Islamabad - The Drug Regulatory Authority of Pakistan (DRAP) has failed to seize expired medicines, which were exposed to extreme temperature and later supplied to the market, an official said on Wednesday.

The Karachi-based Federal Inspector of Drugs (FID) wrote a letter to the Ministry of National Health Services (NHS) asking for an immediate action by recalling the medicines from Sindh’s rural area, as the medicines had been exposed to extreme temperature for around 45 days.

The letter available with The Nation stated that the issue is pending since July and expired medicines are being supplied t the market owing to DRAP’s silence.

Despite of several reminders to the federal authority, no action has been taken to secure or recall the expired medicine from the market.

“It is just for the record that none of the officers of DRAP has so far contacted the office of undersigned for any advice, direction or pursuance even upon several formal requests,” the letter said.

The letter further stated, “It is a matter of safety and health of the public at large. The procedure of DRAP to pick up drug samples and get them tested from CDL is highly questionable as long as drug products have been exposed to extreme temperature.

In this way, DRAP allowed the continuation of consumption of the drugs that otherwise may harm the consumers. All duty-bound necessary actions are requested to ensure the bottom line i.e. assurance of availability of quality and safe drugs for fellow citizens.”

“As investigation is open, this office requires coordination from the office of Drug Control Administration, Karachi for the names of companies that supplied medicines to the PPHI and central licensing Board, Islamabad to get names of qualified persons of those companies and their CNIC cards for onward proceedings on the matter under the Drugs Act 1976 and DRAP Act 2012,” it says.

Talking to The Nation, Federal Inspector of Drugs Obaid Ali said that government has given Peoples Primary Health Initiative (PPHI), a non-governmental organization, the contract of storing the medicines.

He said the condition of the medicines in the warehouses has gone worse due to extreme hot weather.

“The medicines worth million of rupees, and are being supplied to the rural areas,” he said.  He also said that the federal authorities were contacted multiple times to take action against the organisation by constituting a committee but all in vain.  Earlier, Pharma Bureau had also written a letter to the health ministry claiming that Federal Inspector of Drugs Obaid Ali had warned of strict action against PPHI including seizure of their products and initiating regularity action. He also accused them of quality failure.
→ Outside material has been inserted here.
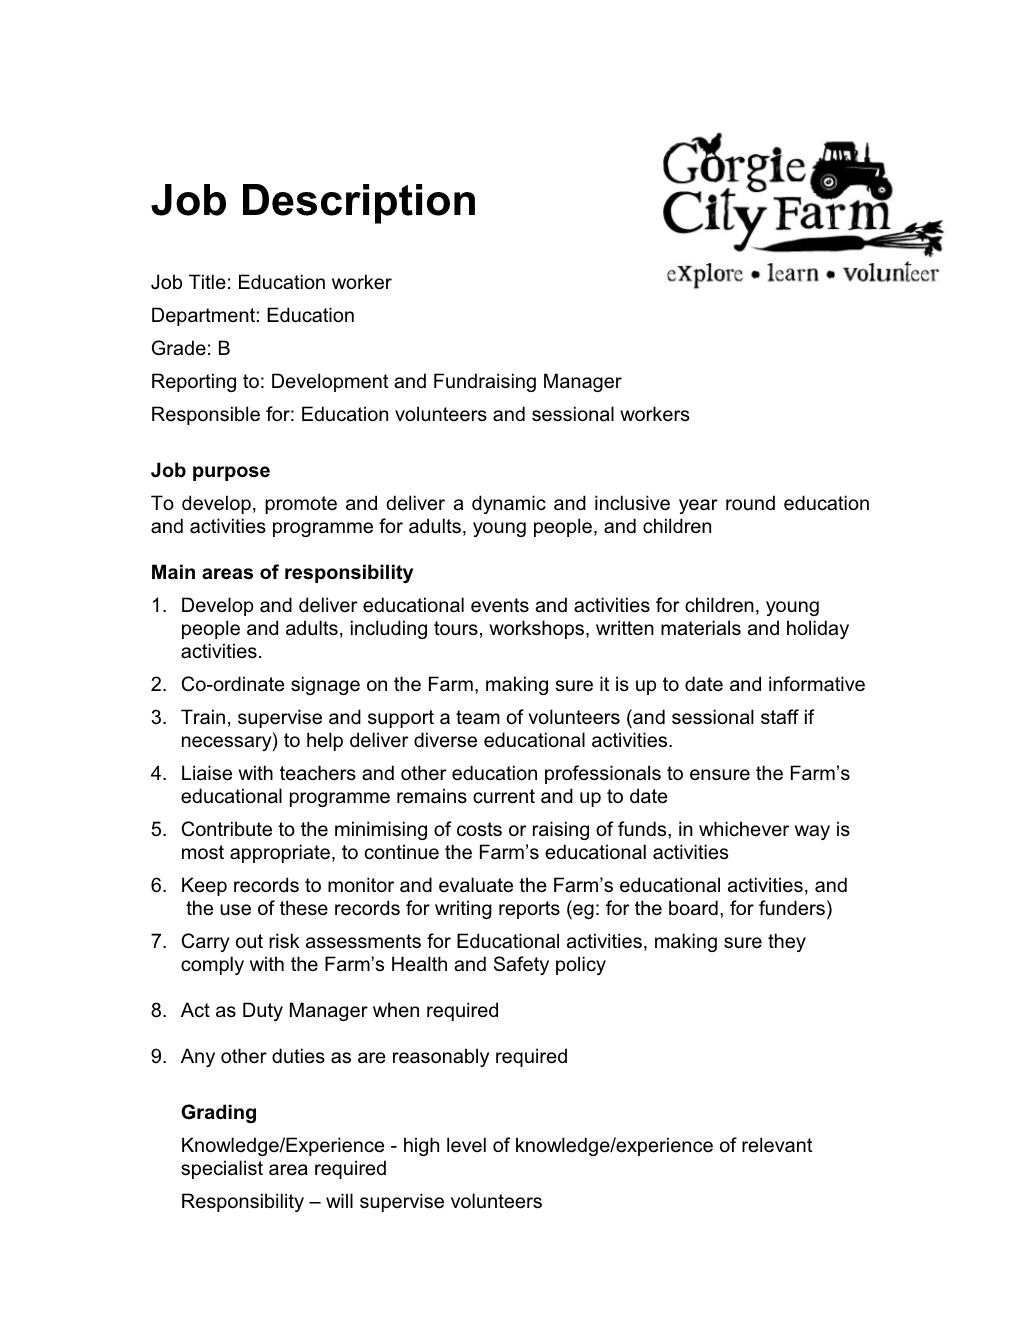 Job Description Gorgie City Farm Catering Assistant

The letter states, “Please note that our member companies have been supplying PPHI, the customer, with quality products after fulfilling all GMP and GDP requirements. PPHI has a DRAP approved warehouse fulfilling and meeting the criteria of product storage conditions. It is the responsibility of Area FDI and PPHI, itself to maintain proper storage conditions, as laid out by DRAP when issuing a license to the premises.”

DRAP Chief Dr Aslam Afghani talking to The Nation said that federal authority awards the license of drug storage and supply in the market to the company after a legal procedure.  He said, later on, it is the responsibility of provincial authority and relevant drug inspector to check and report any negligence.  The official was reluctant to comment on the worth and current condition of the medicines.

A senior official at NHS wishing anonymity also said that DRAP and the official are at loggerheads with each other because of some departmental inquires.  The official said that it is FID’s responsibility to take proper legal action by taking samples and sending it to the lab to confirm the expiry of medicine. The ministry has been written a letter but no legal action has been taken by the inspector, said the official.